Give back. "The most incredible thing is to change a child's life. We have to ask, what kind of life can these kids have without their parents?" she says, referring to the 16.6 million children orphaned by AIDS worldwide. "It's incredible what the medicine will do and how it will turn lives around."

Love yourself first. "If you can't love yourself, how can you take care of others?" asks Keys. "Watching what you put into your body and eliminating anything that could possibly hurt you in any way are extremely important." During her pregnancy, Keys says she "made more of an effort because you know it's not just you in there -- whatever you're eating, the baby is eating, too. I did yoga, I love to run, and with Egypt I continue to be healthy in what I eat, what I feed him, and how I exercise. It makes me feel better!

"It's really so important to care for yourself first, then you can give your love to everyone else."

Medications, long-term health care, and facilities cost money -- lots of it. WebMD asks Keys, who grew up modestly with a single mother in New York City's Hell's Kitchen, "is the biggest obstacle in fighting AIDS one of simple dollars and cents?"

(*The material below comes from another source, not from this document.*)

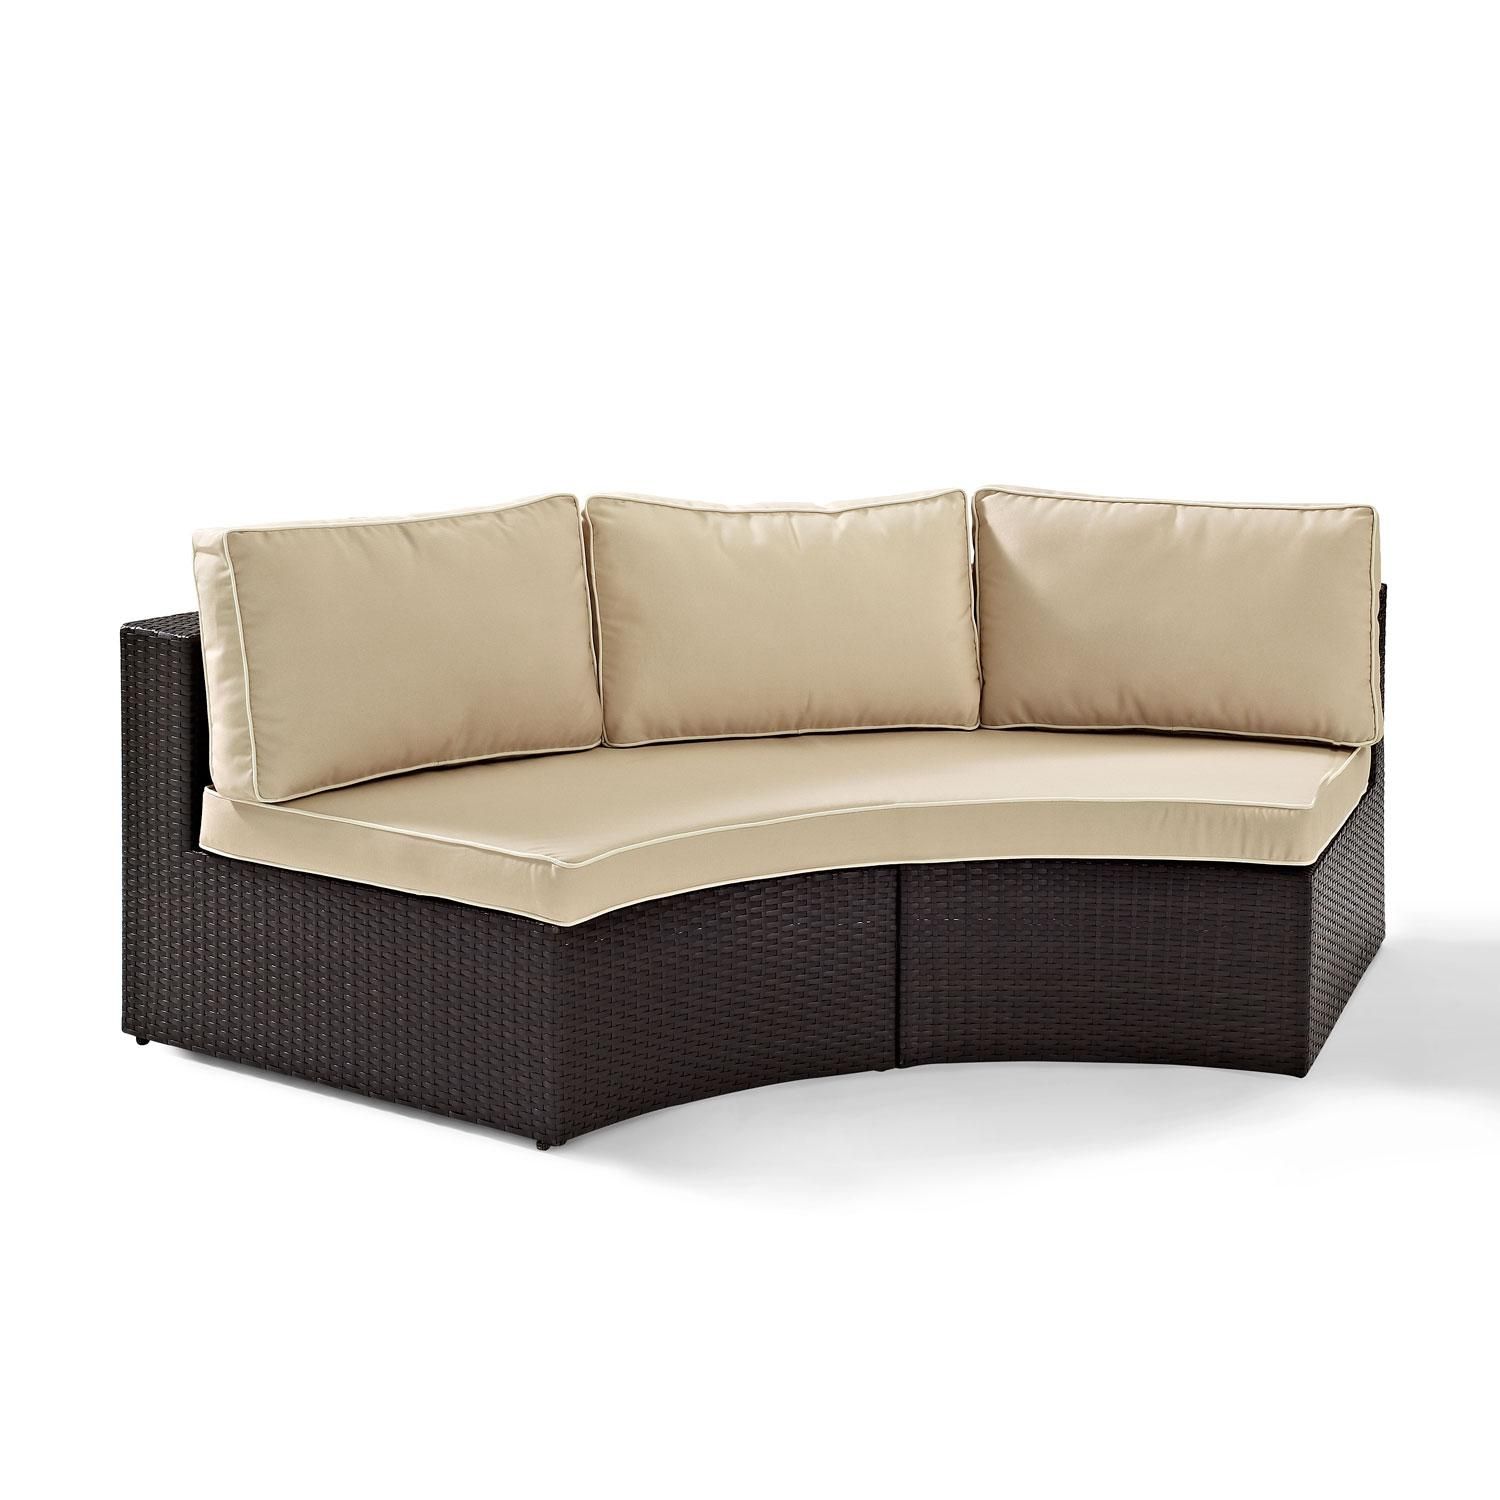 Catalina Outdoor Wicker Round Sectional Sofa With Sand Cushions Pertaining To Round Sectional Sofa (View 19 of 20)

"Honestly, yes," says Keys, who has raised more than $13 million since 2004 for Keep a Child Alive with her annual "Black Ball" events in London and New York (this year, in June and November, respectively). The shows draw "passionate artists who might not ever be found on the same stage," she says, stars such as Sheryl Crow, David Bowie, Usher, John Mayer, and Sade, who donate their time to perform and raise funds.

"Sometimes we watch the news and things seem so out of hand," Keys says. "We feel that there's nothing we can do. Or we think in order to donate we have to give $100 or $500. You can give $1, or even 50 cents a month, and these very small amounts add up and make a difference."

In honor of World AIDS Day, Dec. 1, Keys invites everyone reading this article to take on a challenge: "Imagine if every WebMD reader gave a single dollar to help end AIDS… A single dollar can change the world." To help, go to keepachildalive.org.